Human-AI Interaction

Research Staff

  • Professor Sakriani Sakti

    Professor
    Sakriani SAKTI

  • 大内 啓樹

    准教授:大内 啓樹

  • MEHMOOD Faisal

    助教:MEHMOOD Faisal

Research Areas

The Human-AI Interaction (HAI) Laboratory pursues research to enhance communication and collaboration between humans and artificial intelligence. This includes exploring speech, text, and image interactions, as well as the interplay between language and paralanguage. Using cutting-edge AI technologies like deep learning, our aim is to achieve successful synergy between humans and machines for a future of collaborative intelligence.

Fig.1
Fig.2

Multisensory Communicative AI

Natural communication involves not only auditory and visual sensory systems but also their interaction. The research focuses on developing technologies enabling communication mechanisms to listen, speak, and listen while speaking and visualizing. This includes advancements in automatic speech recognition (ASR), text-to-speech synthesis (TTS), image captioning (IC), image generation (IG), and machine speech chains in a multilingual, multi-talker, multimodal fashion. This encompasses linguistic code-switching, emotional nuances, spontaneous conversational context, incremental processing, and dynamic adaptation.
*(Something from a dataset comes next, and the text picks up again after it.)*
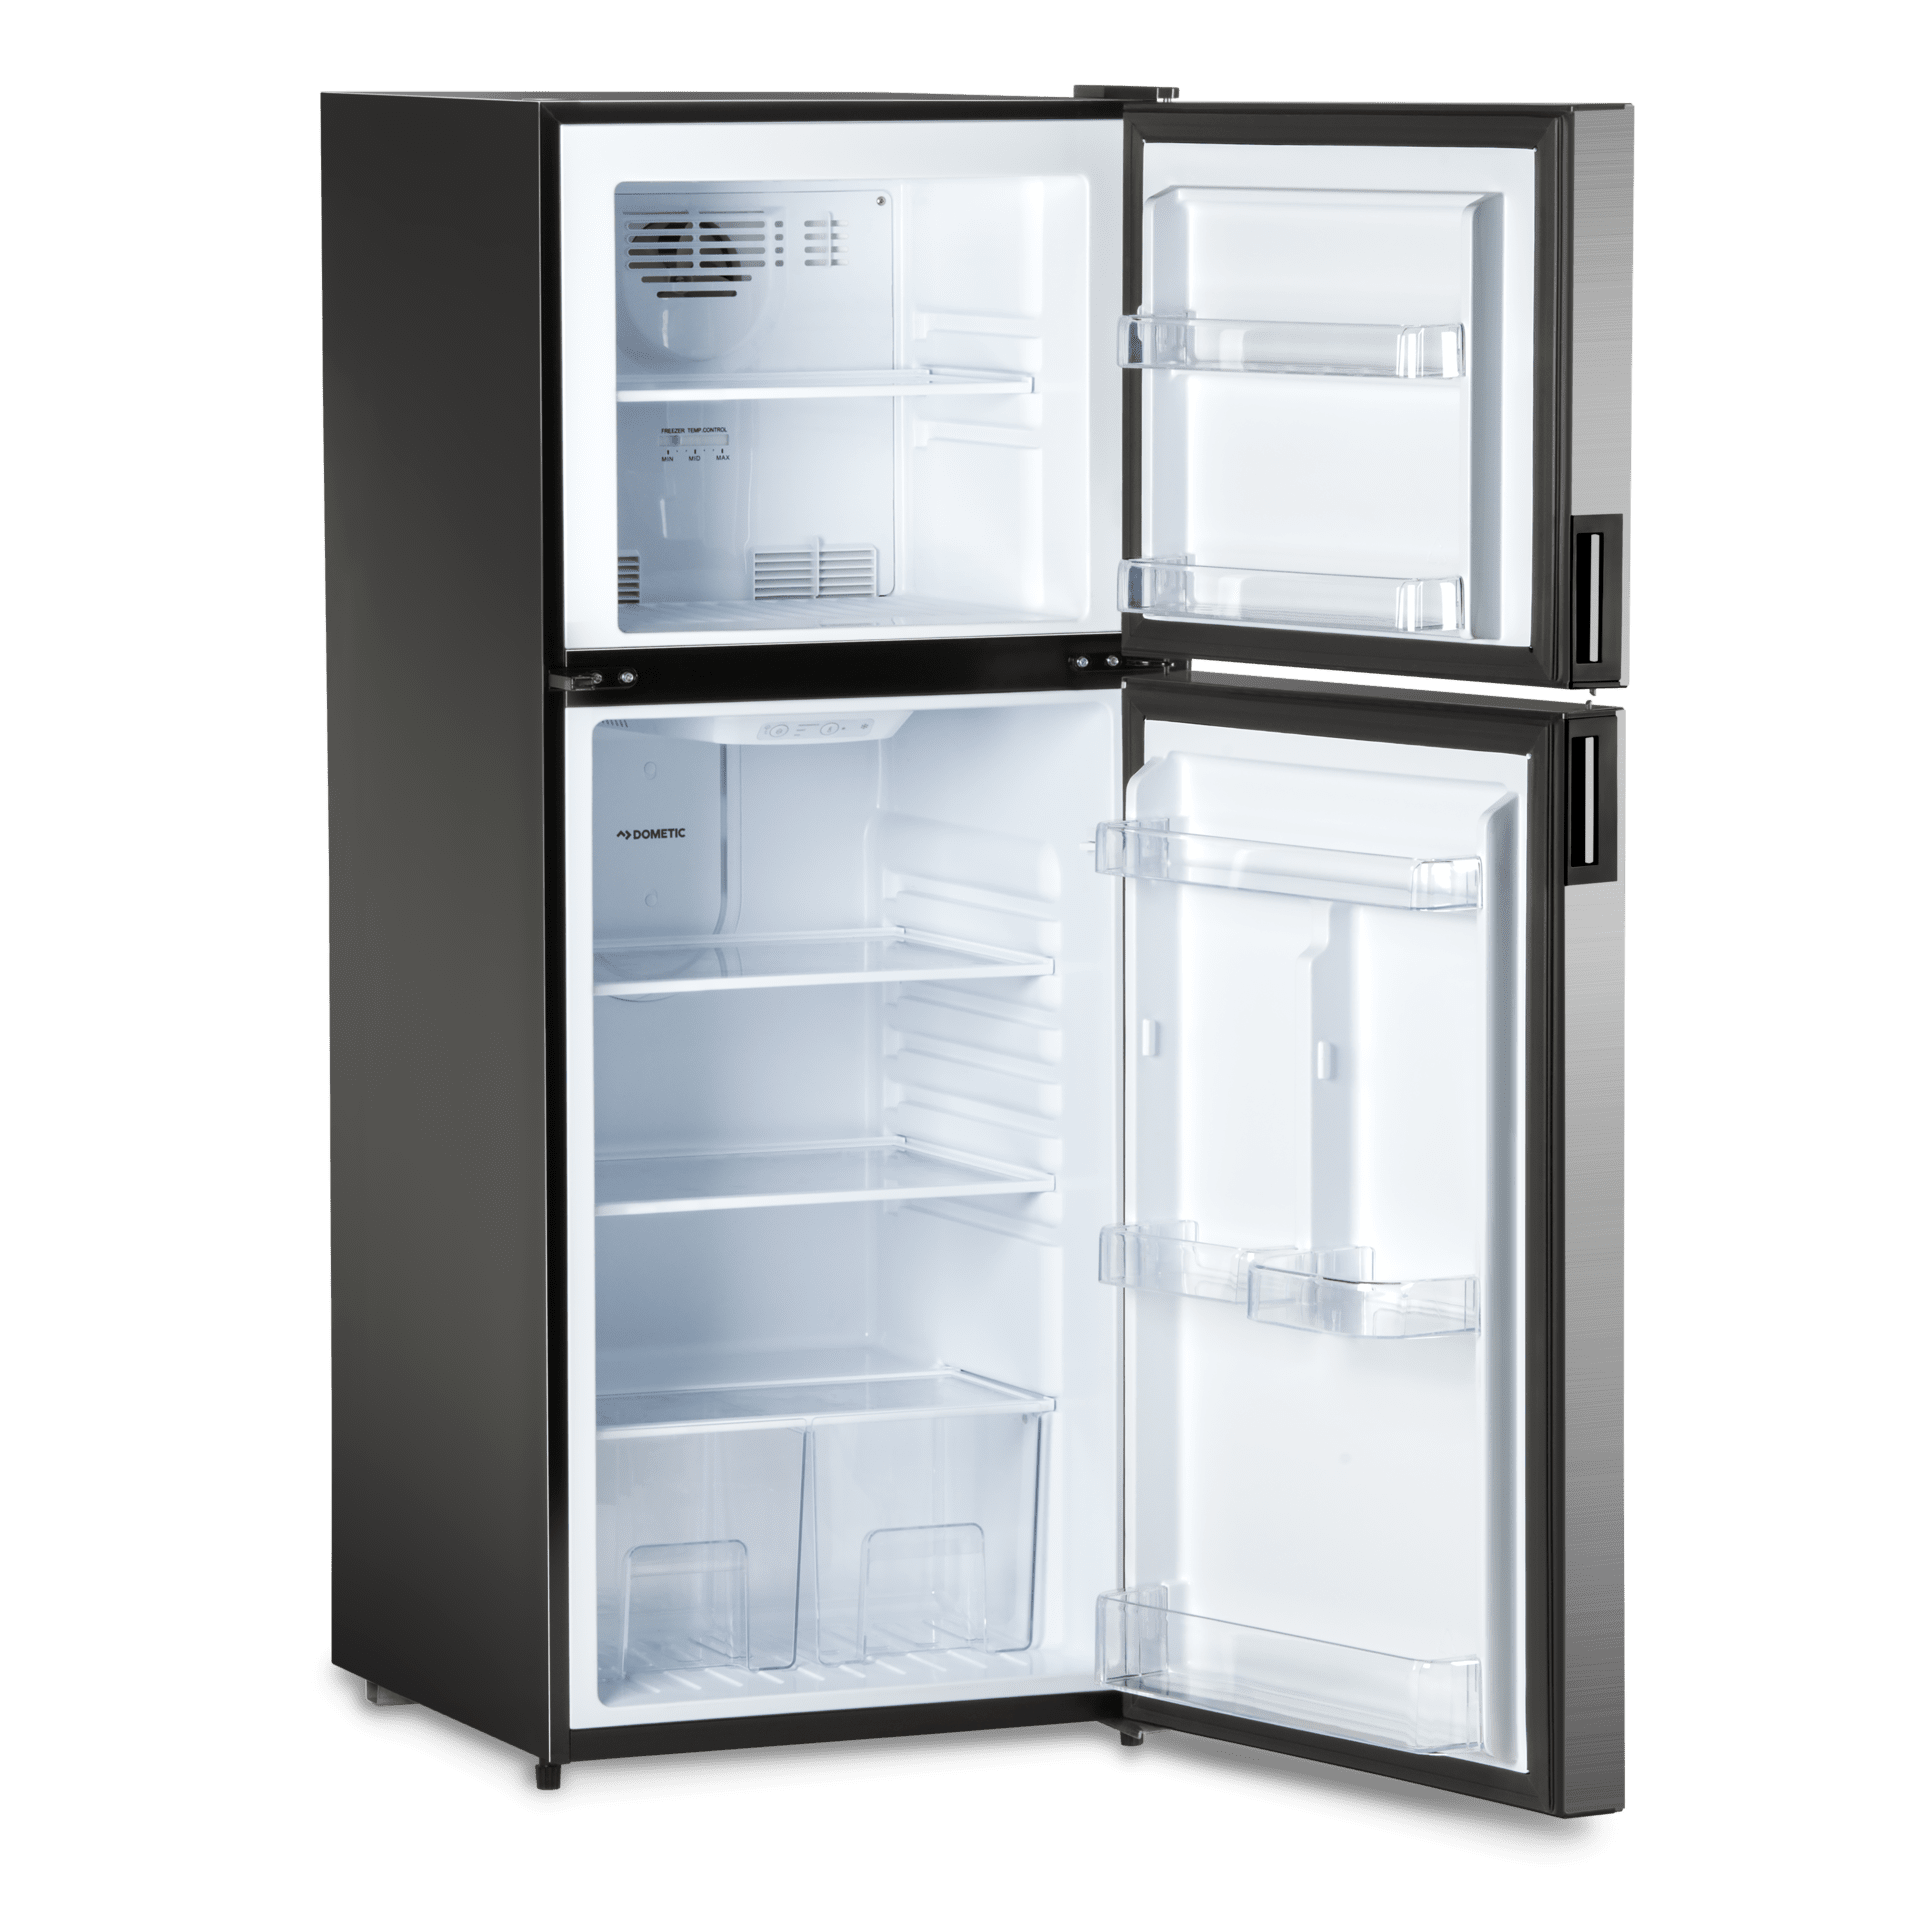 16++ Dometic refrigerator interior light assembly ideas

Spatial intelligence integrated language AI

The research emphasizes the comprehensive nature of the AI system's linguistic capabilities involved in natural language processing, including real-time language understanding, context-aware language generation, and human-like simultaneous speech translation that directly translates from speech to speech in real time, covering both linguistic and paralinguistic information. Additionally, it focuses on the integration of geospatial capabilities for geographical context analysis and interpretation, thus expanding the AI system's capabilities to include not only linguistic understanding but also location-aware context comprehension.

Diverse Interactive AI

The research encompasses a wide range of technologies to enhance interaction between humans and machines. This includes developing interactive avatars and tele-existence systems, intelligent dialog systems, view-sharing systems, and integrating VR/AR technologies to create seamless and immersive interactions and collaborations. Moreover, the exploration of new interfaces and modalities contributes to a deeper understanding of human cognition and machine learning capabilities in interactive environments.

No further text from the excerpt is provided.